There seems to be a number of fundamental problems with Pakistan's approach to blasphemy law in general, and some specific issues concerning its enforcement. Section 295 of Penal Code, better known as the blasphemy law, dates back to pre-partition India when it was introduced by the British Government in 1860 to protect religious feelings. In 1986, conservative religious leaders pressured General Zial-ul-Haq, the then-military dictator of the country, to amend the section introducing extreme punishments and allowing only a muslim judge to hear the case under this Section.
Prior to 1986, only 14 cases pertaining to blasphemy were reported. Since there are no strict criteria and definitions of blasphemy and no prerequisites of any evidence except for the accuser’s word, citizens often exploit this law to settle their own quarrels. In several areas, the law appears imbalanced. For instance, the secular and Sharia legal systems have fundamentally different philosophies about the role of evidence. The constitution, on the face of it, establishes equal rights for all established religions but the country has witnessed its leaders declaring a whole section of the population as non-Muslim. Neither the constitution nor the enforcement of the blasphemy laws deal satisfactorily with the issue of preventing mob rule, vigilante behavior and even lynching -- in what is by nature a very inflammatory social topic.

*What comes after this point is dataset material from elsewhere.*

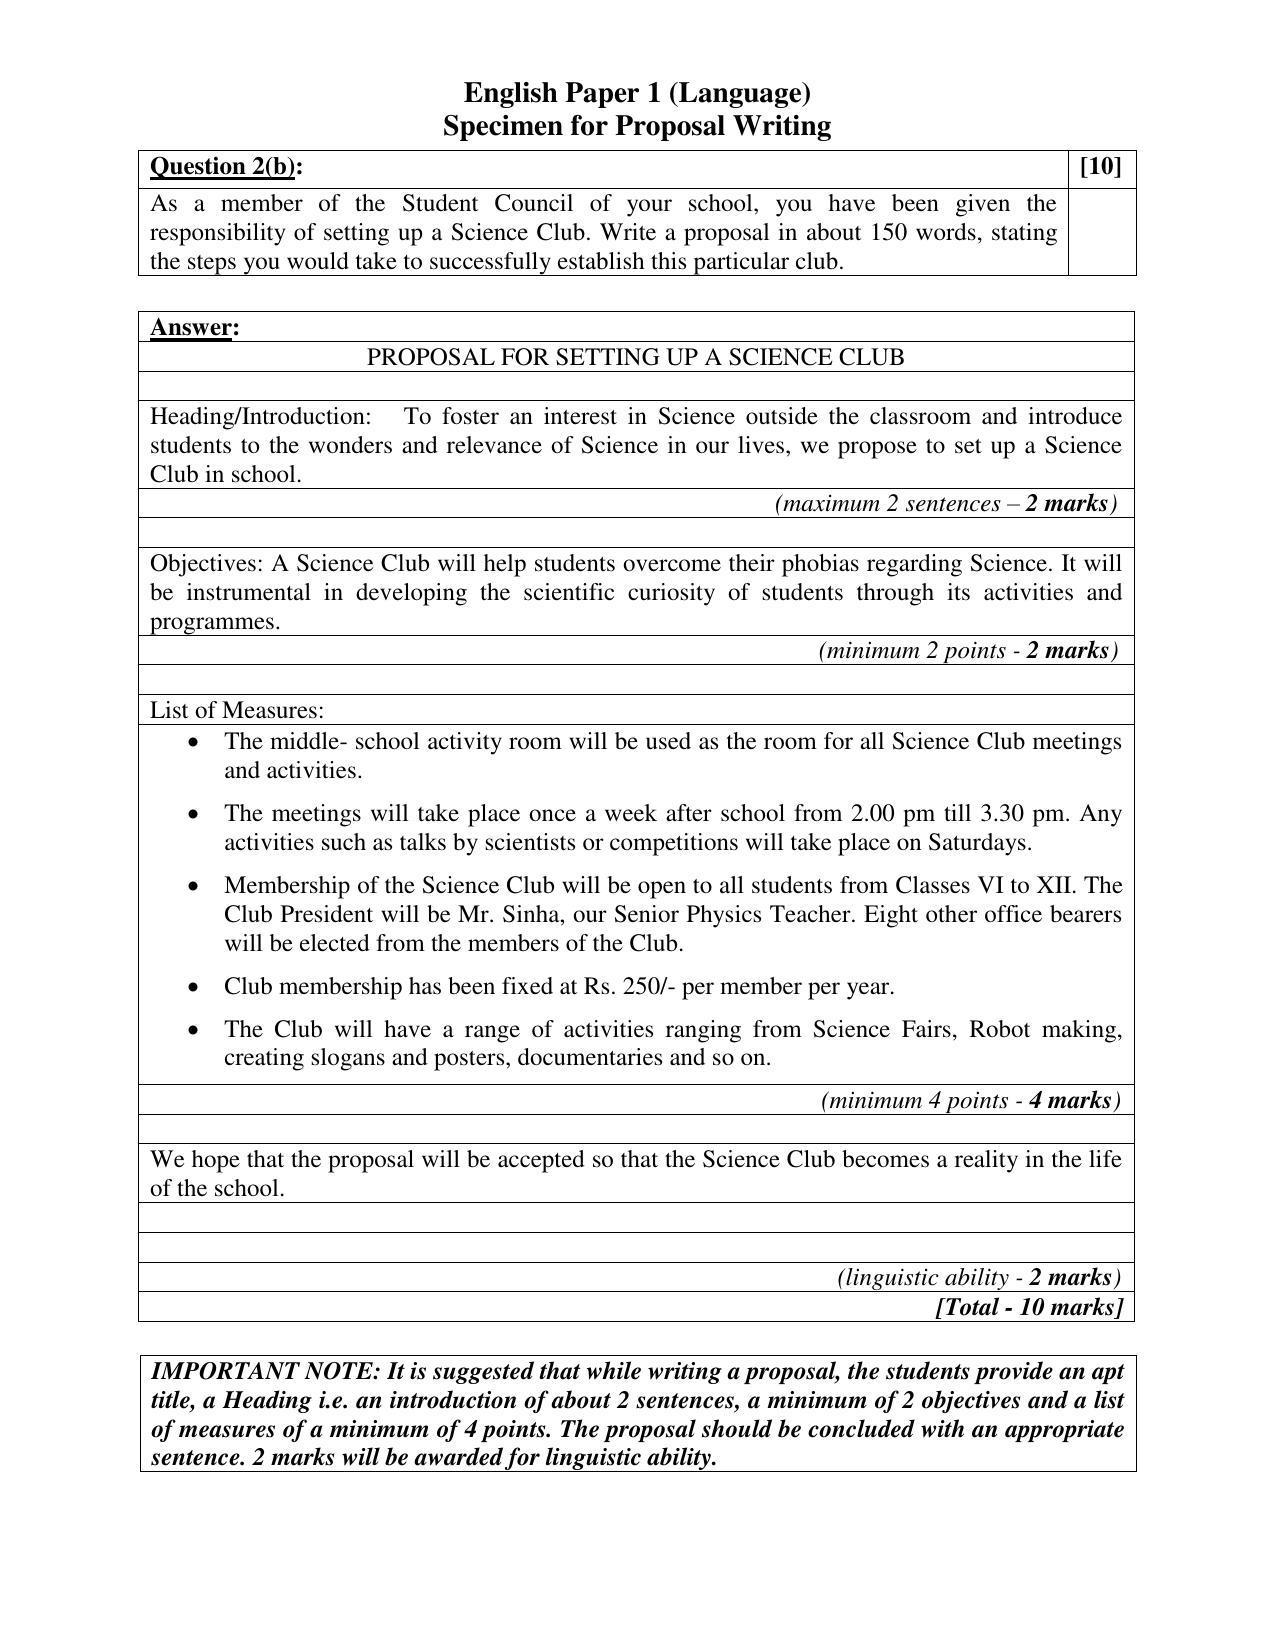 ISC Class 12 English Paper 1 (Language) - Specimen for Proposal Writing - Page 1

Furthermore, the law is clearly struggling to remain relevant and practical in an age of instantaneous global communication. The administration's current policy seems to be to delegate responsibility to bodies such as the Pakistan Telecommunications Authority (PTA), which blocks entire websites on a whim, and publishes lists of “forbidden texting vocabulary” without any clue as to how some terms are classed as acceptable and others as profane. With the inclusion of cyberspace, specifically social media and the mobile technologies, it has become life-threatening for the accused since evidence can reach the mass public in a matter of minutes. Even if the cases reach the courts, it is uncertain how the legal system will rule out the hacking of accounts and provide support without any strong legal framework around cyberspace.

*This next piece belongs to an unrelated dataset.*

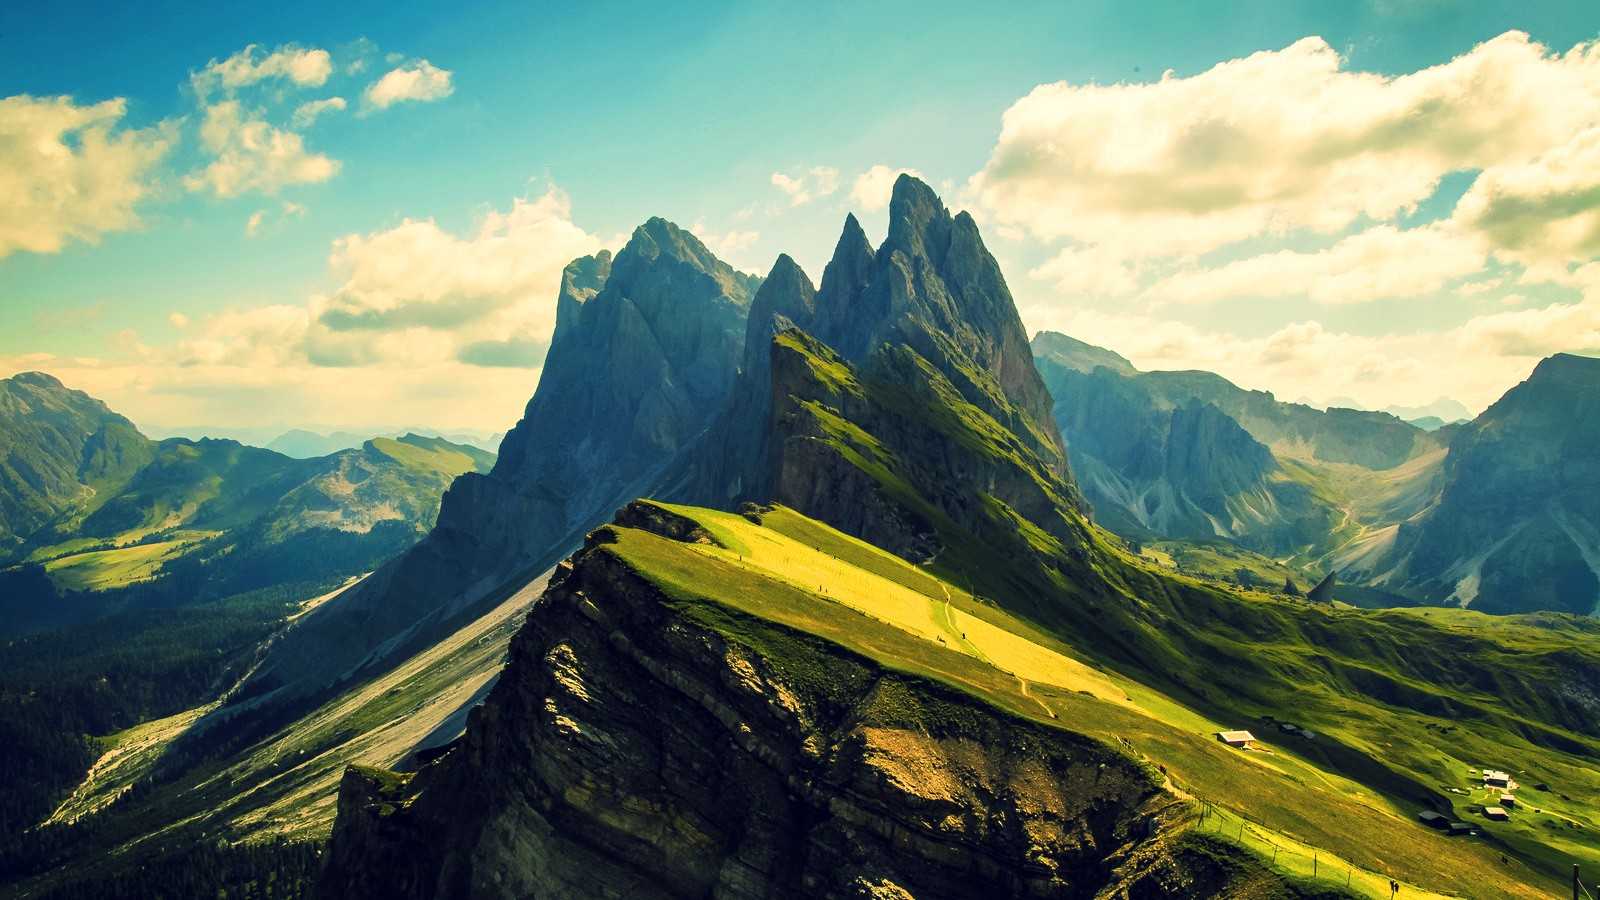 Download Mountain Wallpaper Image Photo Background

While the law was draconian ever since its inception, it has become lethal in the past few years. Not only does the invasion of cyberspace by this extremist behavior create security problems for the accused but also promotes a culture of self-censorship affecting freedom of expression online. Pakistani netizens have traditionally remained a strong community online with liberal, tolerant groups supporting each other including dissidents and minorities, both political, and religious. However, this recent influx of mob behavior -- which is capable within only a few hours of identifying victims online, getting their personal information, mass-sharing it with text messages, and then killing the accused -- affects the entire ecosystem of free and open online spaces in the country.
Nighat Dad is executive director of the Digital Rights Foundation in Pakistan. She lives in Lahore.